From a signal processing standpoint, bee bioacoustic signals can be modeled as time-domain signals with event-dependent spectral and temporal features within a limited frequency range. However, there are issues with data scarcity and class imbalance that impede robust statistical learning because real-world recordings are frequently scarce, tainted by noise, and unevenly distributed across events.

From a machine learning perspective, the task can be formulated as learning an underlying probability distribution that governs event-specific bee acoustic signals, such that new samples drawn from this distribution preserve both global spectral properties and local temporal dynamics. Generative Adversarial Networks (GANs), particularly WaveGAN, provide a data-driven mechanism for learning high-dimensional waveform distributions directly from raw audio and synthesize them. However, standard GAN-based approaches do not support to preserve temporal dependency constraints that are critical for biological signal realism.

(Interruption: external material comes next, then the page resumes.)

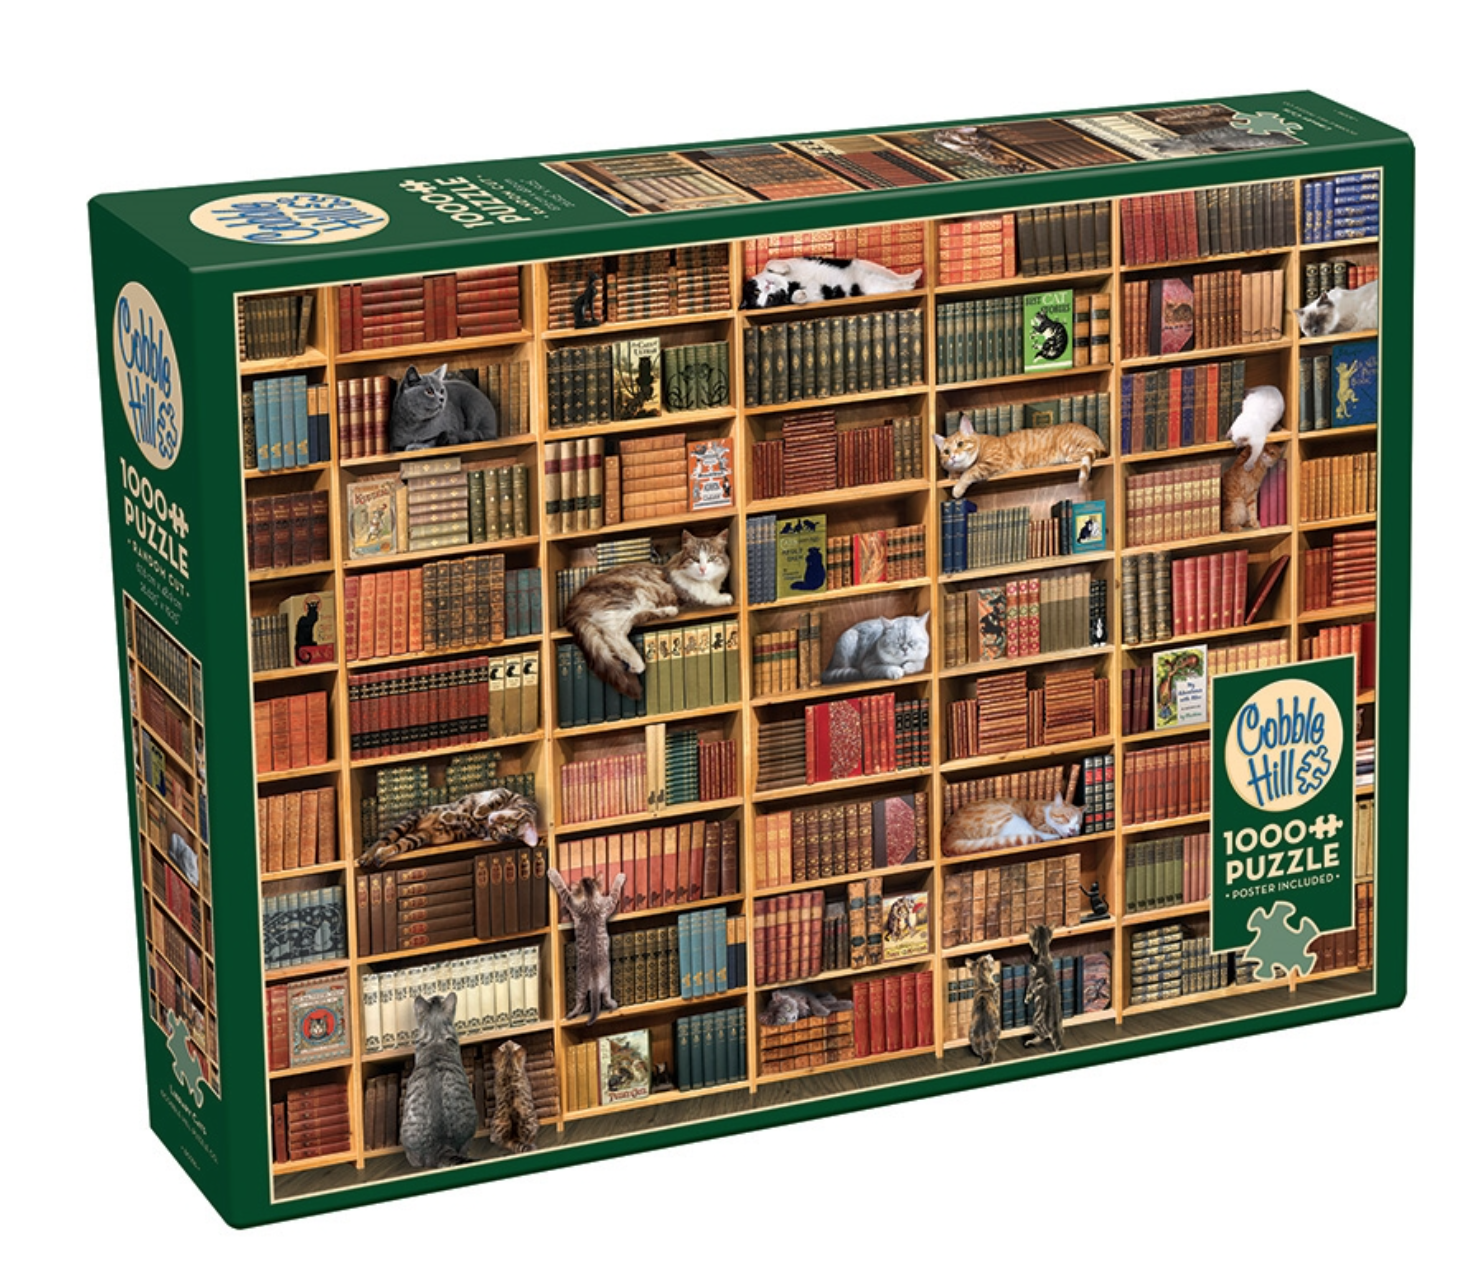 Puzzle 1000 pcs - Bibliothèque

To address the limitations of existing synthetic data generation methods in bee bioacoustics, this study explores the integration of Markov Chains (MC) as a refinement stage based on Markov Chain theory. The refinement process formulates synthetic signal generation as a stochastic transition process, where each generated signal evolves toward the target real-data distribution through probabilistic acceptance governed by the Metropolis–Hastings algorithm. This MC process helps us to synthesize event-specific Bioacoustic signals generated by a specialized GAN variant, WaveGAN. MC is a well-established mathematical framework widely used in predictive modeling [30]. It has also been successfully integrated with GANs to better handle high-dimensional data and produce more realistic and reliable outputs [29,31]. However, to the best of our knowledge, the integration of MC with the WaveGAN approach remains underexplored in the context of Bee Bioacoustic signal generation. In this work, we aim to bridge this gap by addressing the challenges posed by limited high-quality datasets in real-world bee bioacoustics intelligence applications. Overall, considering the motivation outlined above, this study proposes a novel hybrid framework, termed MCWaveGAN, which extends the conventional WaveGAN architecture by introducing a Markov Chain-based refinement stage implemented via the Metropolis–Hastings algorithm to generate synthetic bee bioacoustic signals. Through this approach, this research focuses on addressing one of the main challenges of Bee Bioacoustics research and applications; the lack of quality and sufficient real-world data by generating synthetic signals. Unlike prior GAN-based audio synthesis approaches, the proposed method explicitly enforces temporal coherence and spectral consistency by probabilistically refining generated signals toward the distribution of real bee bioacoustic features. To the best of our knowledge, this is the first work to apply Markov Chain refinement to WaveGAN for event-specific bee bioacoustic signal generation, enabling significantly improved realism and downstream classification performance.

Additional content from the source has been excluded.